After finishing this tutorial, you’ll know:
- How DistilBart’s encoder-decoder structure processes textual content internally
- Strategies for controlling abstract fashion and content material
- Methods for evaluating and enhancing abstract high quality
Let’s get began!

Understanding the DistilBart Mannequin and ROUGE Metric
Photograph by Svetlana Gumerova. Some rights reserved.
Overview
This put up is in two components; they’re:
- Understanding the Encoder-Decoder Structure
- Evaluating the Results of Summarization utilizing ROUGE
Understanding the Encoder-Decoder Structure
DistilBart is a “distilled” model of the BART mannequin, a robust sequence-to-sequence mannequin for pure language era, translation, and comprehension. The BART mannequin makes use of a full transformer structure with an encoder and decoder.
You’ll find the structure of transformer fashions within the paper Attention is all you need. At a excessive stage, the illustration is as follows:

Transformer structure
The important thing attribute of the transformer structure is that it’s cut up into an encoder and a decoder. The encoder takes the enter sequence and outputs a sequence of hidden states. The decoder takes the hidden states and outputs the ultimate sequence. It is extremely efficient for sequence-to-sequence duties like summarization, by which the enter must be absolutely consumed to extract the important thing data earlier than the abstract could be generated.

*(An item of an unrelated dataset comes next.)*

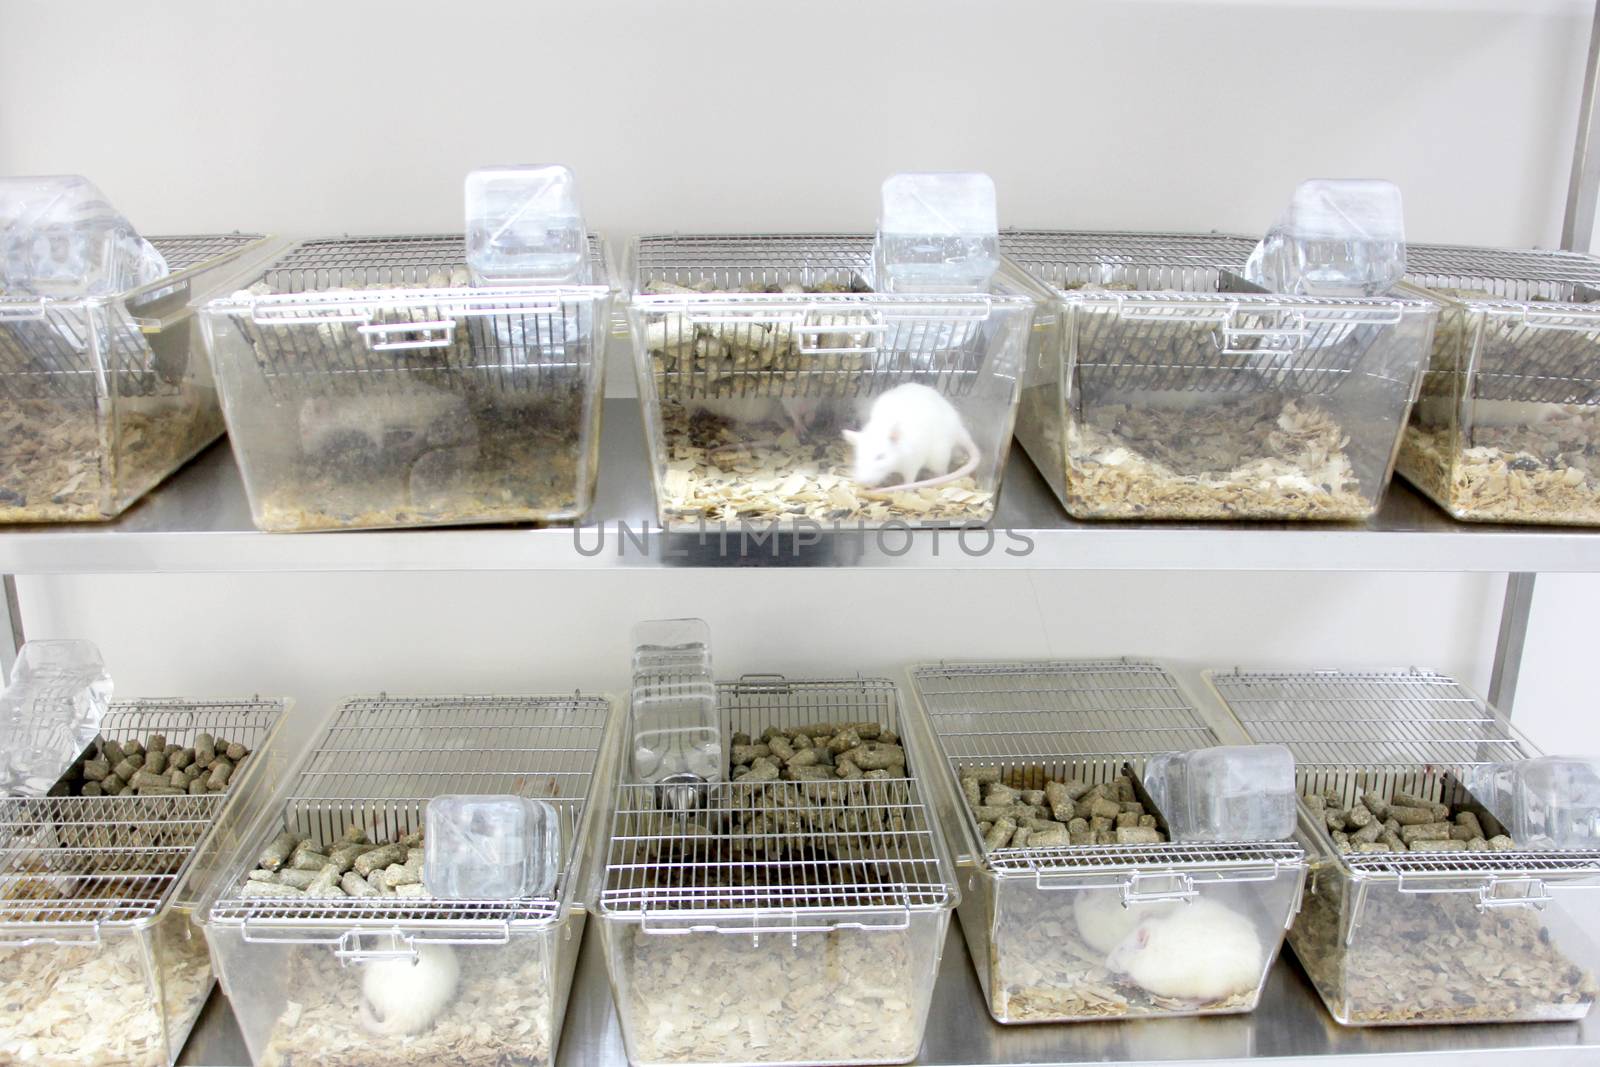 Rats (Albino) having cages for laboratory test.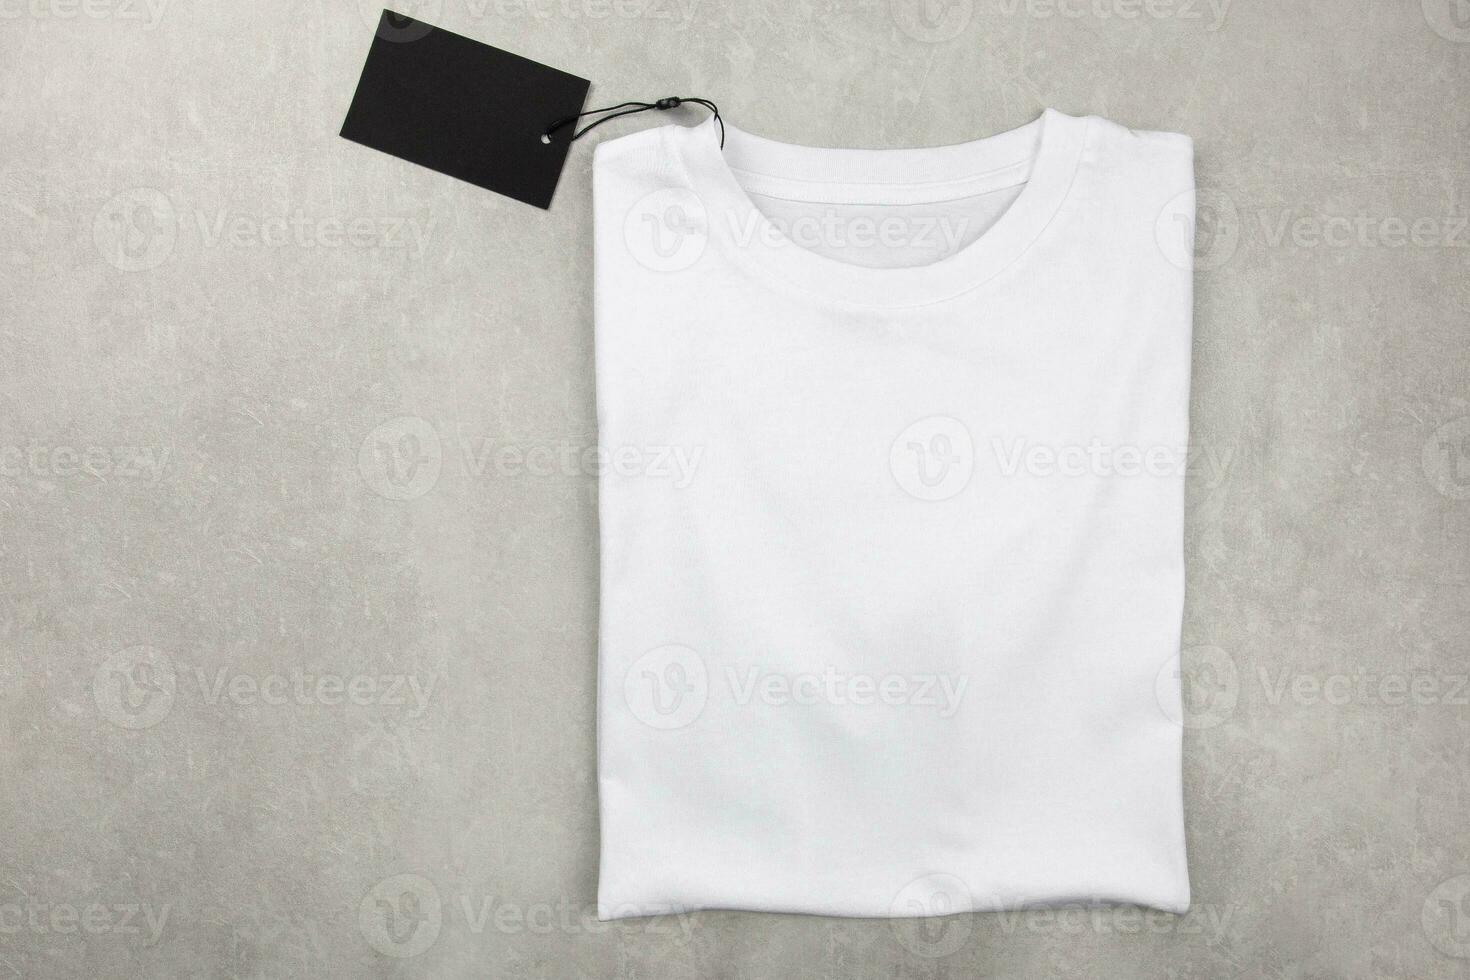 White womens cotton Tshirt mockup with label. Design t shirt template, print presentation mock up. Top view flat lay. Concrete stone background. photo

As defined within the previous post, you should use the pretrained DistilBart mannequin to construct a summarizer with only a few traces of code. In actual fact, you’ll be able to see among the design parameters in DistilBart’s structure by trying on the mannequin config:
1 2 3 4 5 6 7 8 9 10 11 12 13 14 15 16 17 18 19 20 21 22 23 |
rom transformers import AutoConfig, AutoModelForSeq2SeqLM
def explore_model_architecture(): “”“Study DistilBart’s configuration and structure.”“” model_name = “sshleifer/distilbart-cnn-12-6”
# Load mannequin configuration config = AutoConfig.from_pretrained(model_name) print(“Mannequin Structure:”) print(f“- Encoder layers: {config.encoder_layers}”) print(f“- Decoder layers: {config.decoder_layers}”) print(f“- Hidden measurement: {config.hidden_size}”) print(f“- Consideration heads: {config.encoder_attention_heads}”)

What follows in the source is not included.